## TASK REQUIREMENTS
Each line of the data must be given back verbatim, with pictures removed.

## RECORDED INFORMATION

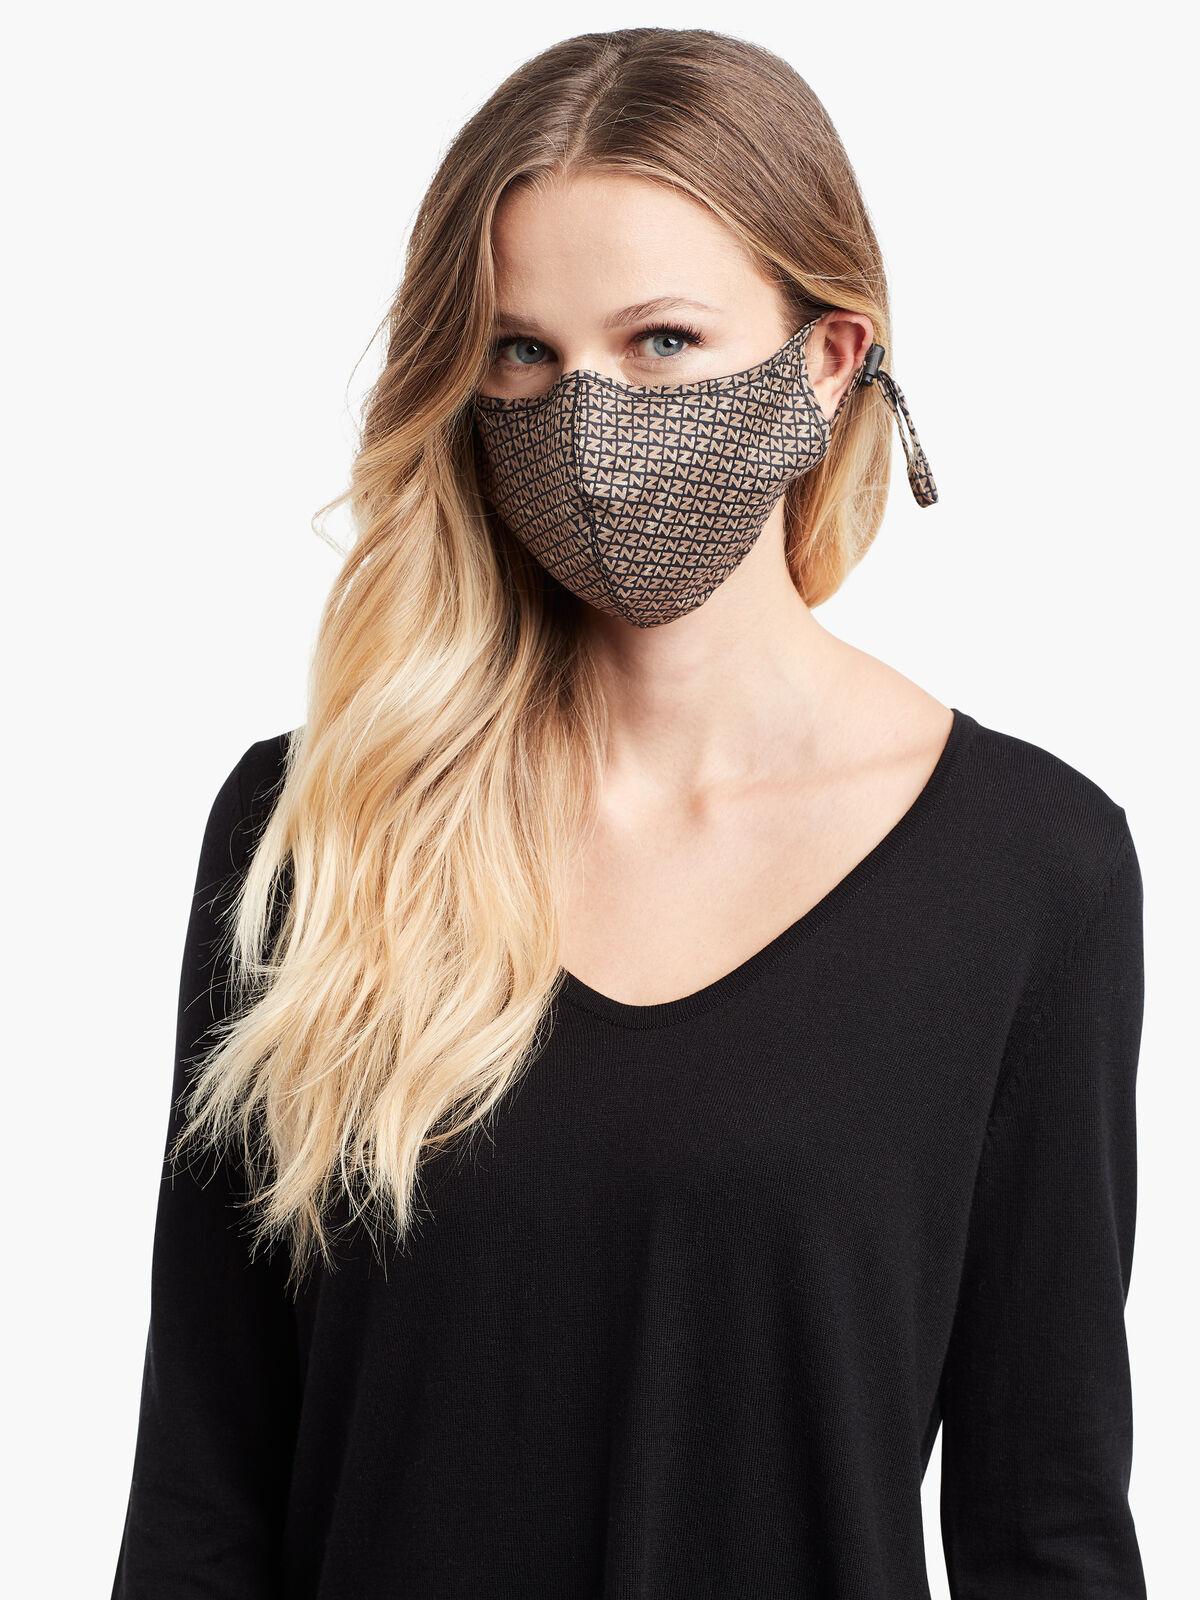 NZ Face Mask
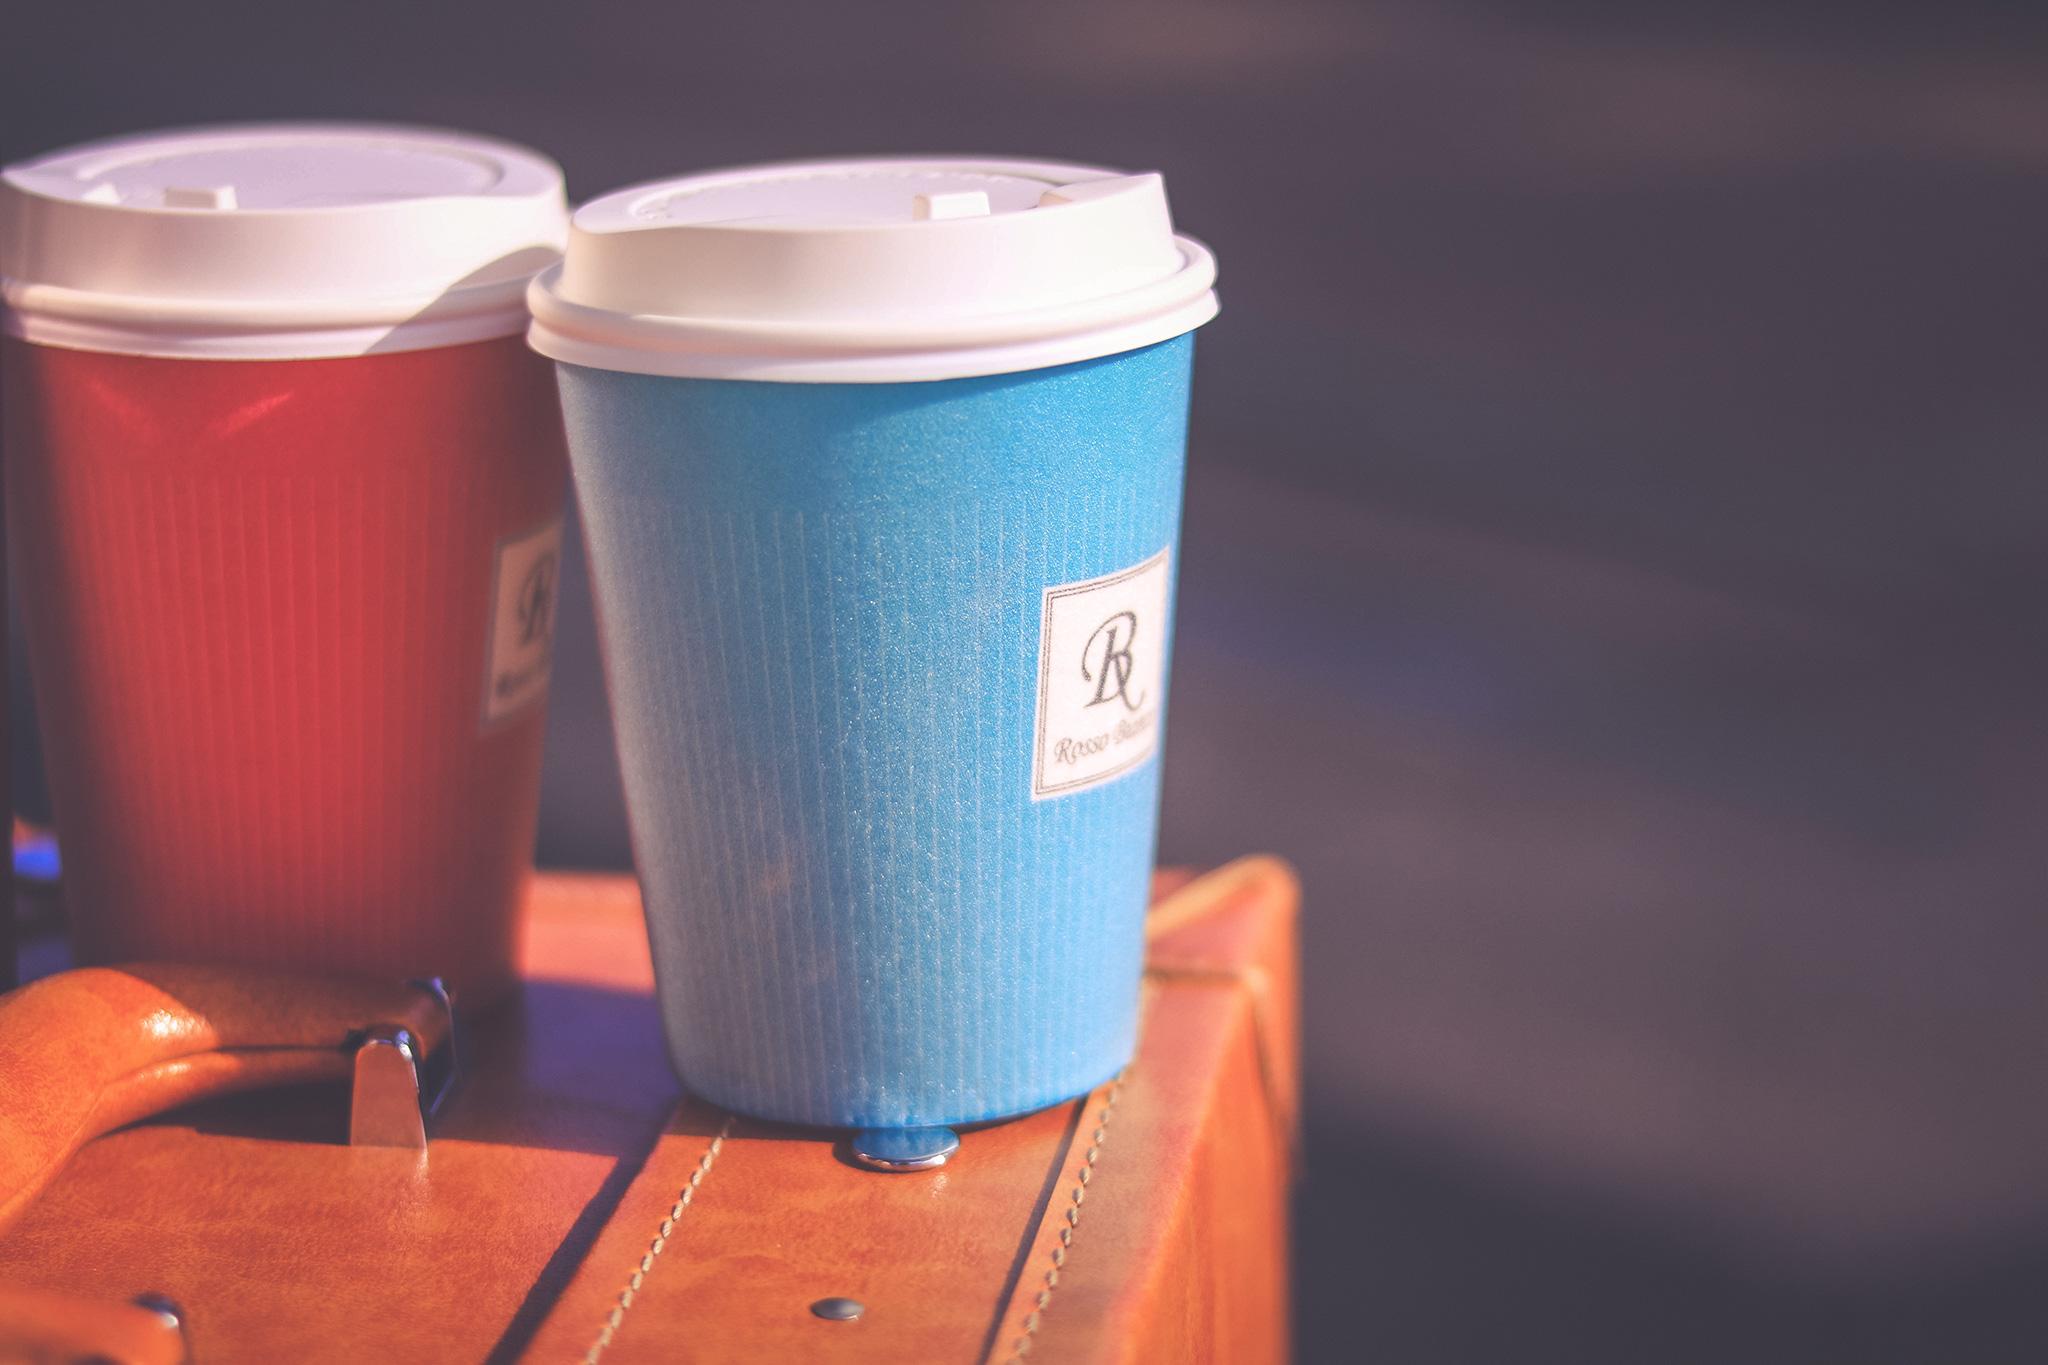 カップル2人のコーヒー
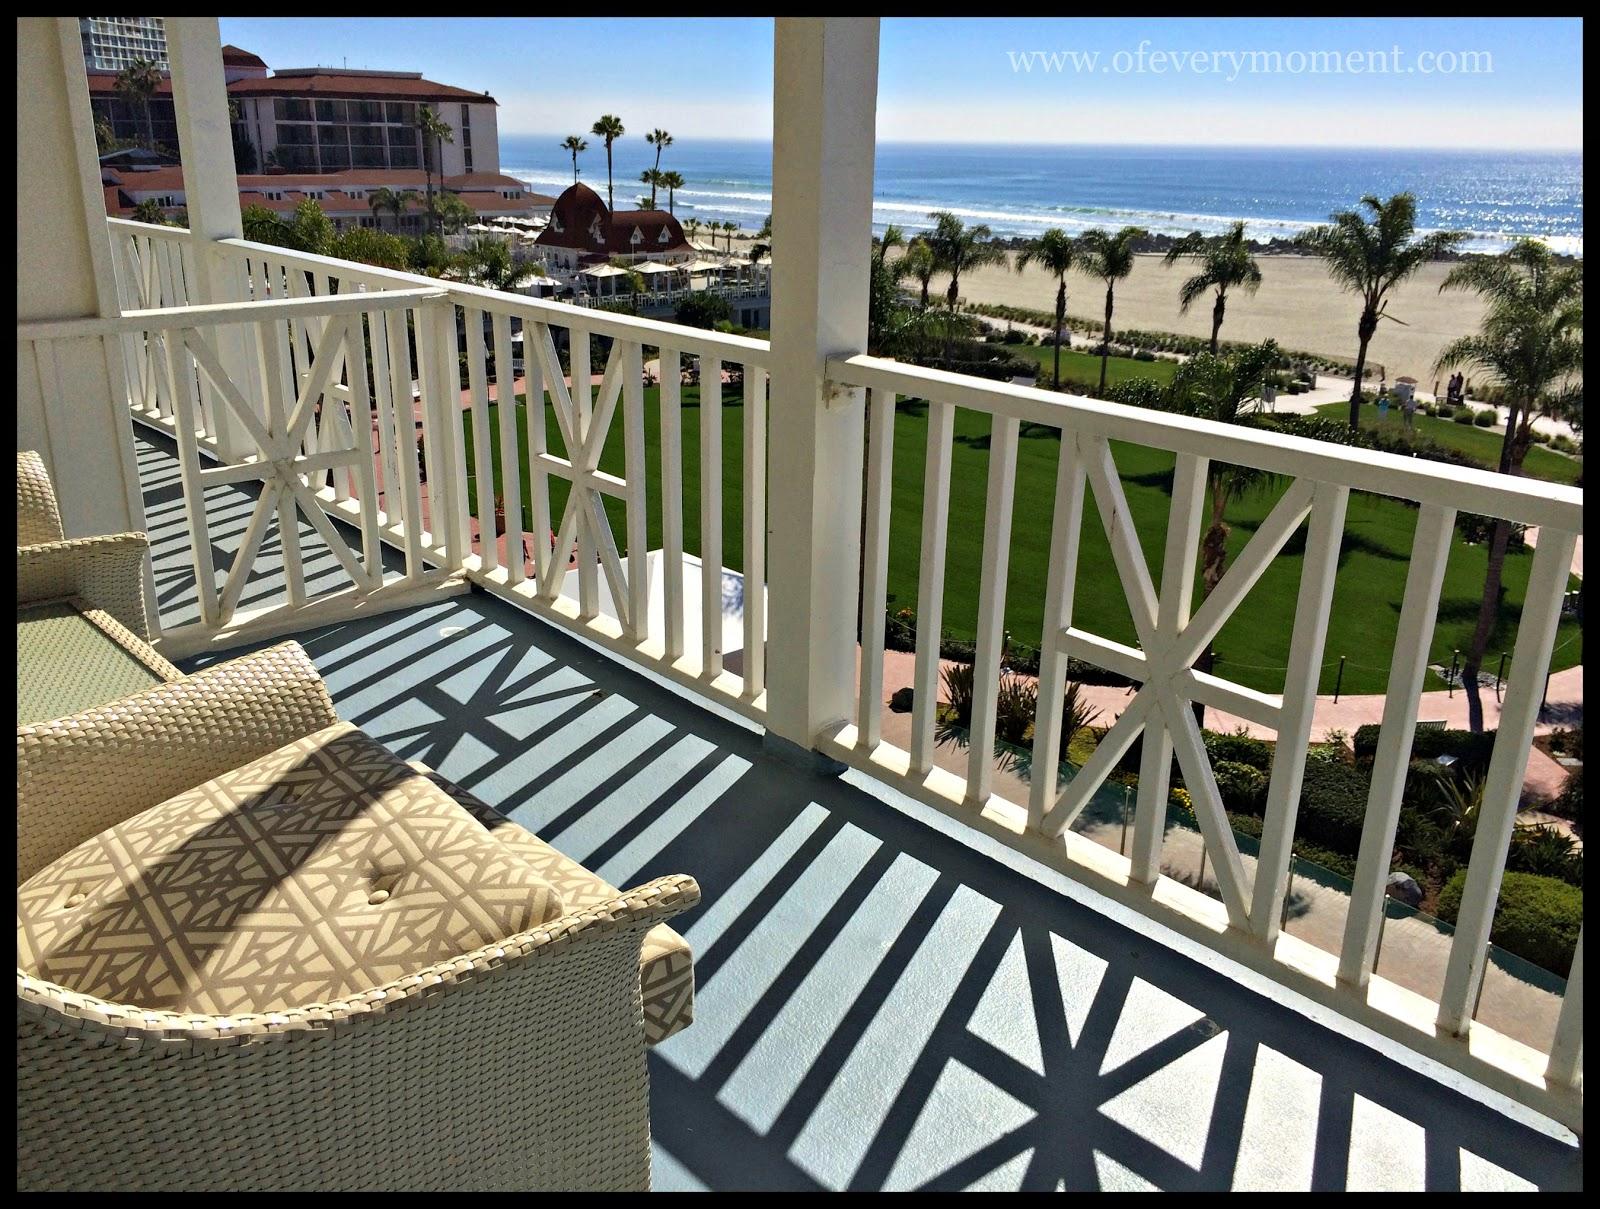 ocean view, Hotel del Coronado, vacation, resort, California
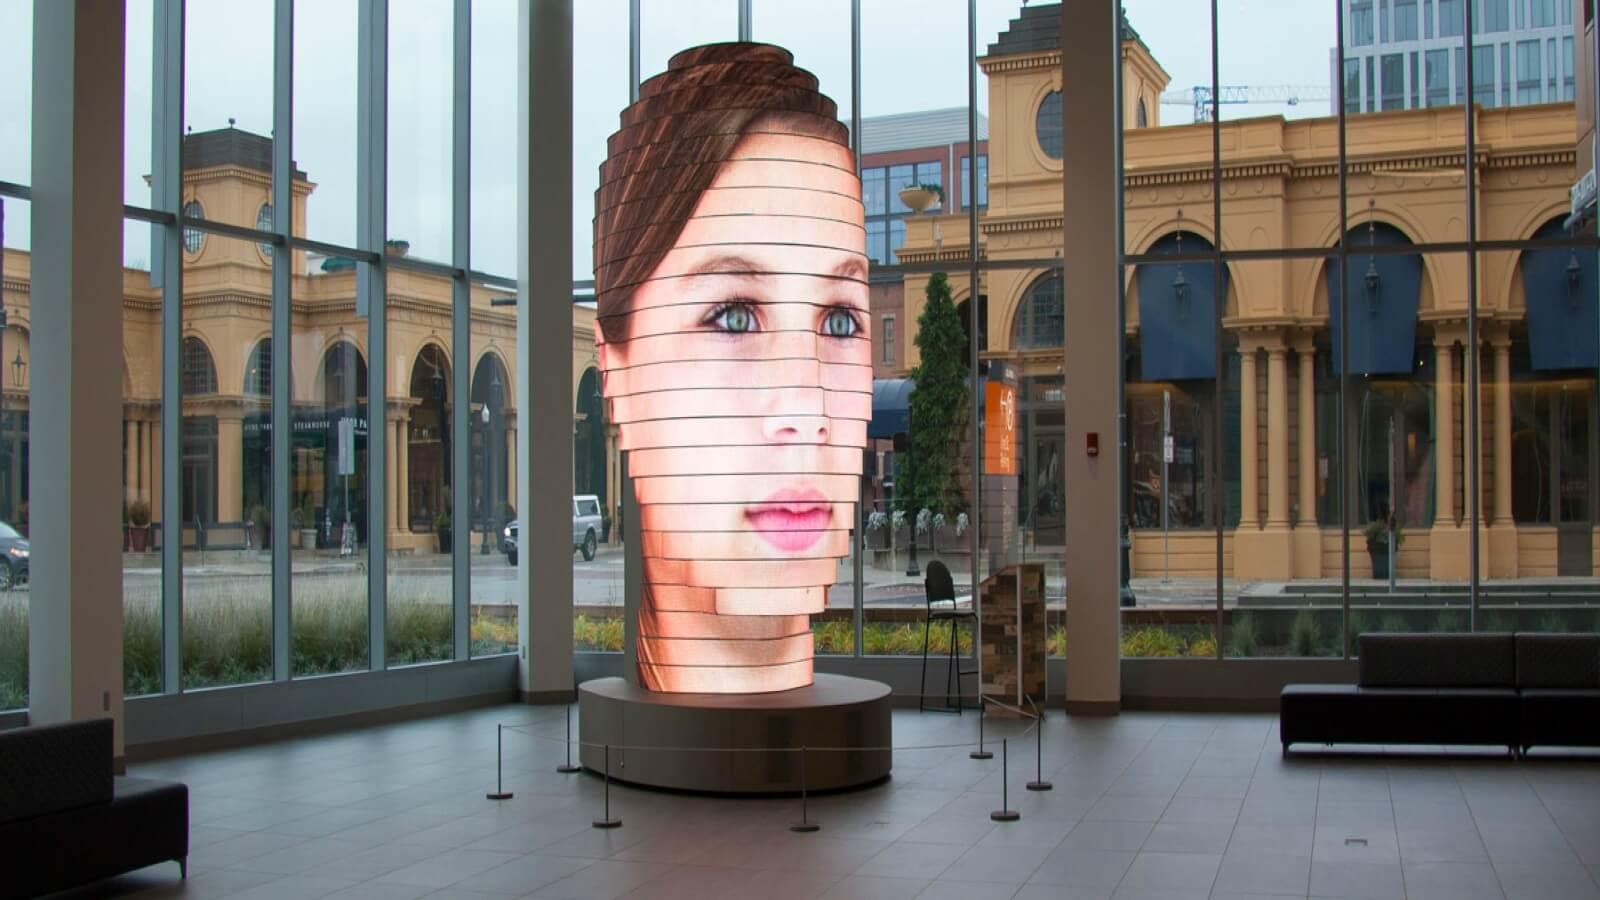 Instalación artística convierte las selfie en una gran escultura ?

## PROBLEM SOLUTION
 NZ Face Mask
 カップル2人のコーヒー
 ocean view, Hotel del Coronado, vacation, resort, California
 Instalación artística convierte las selfie en una gran escultura ?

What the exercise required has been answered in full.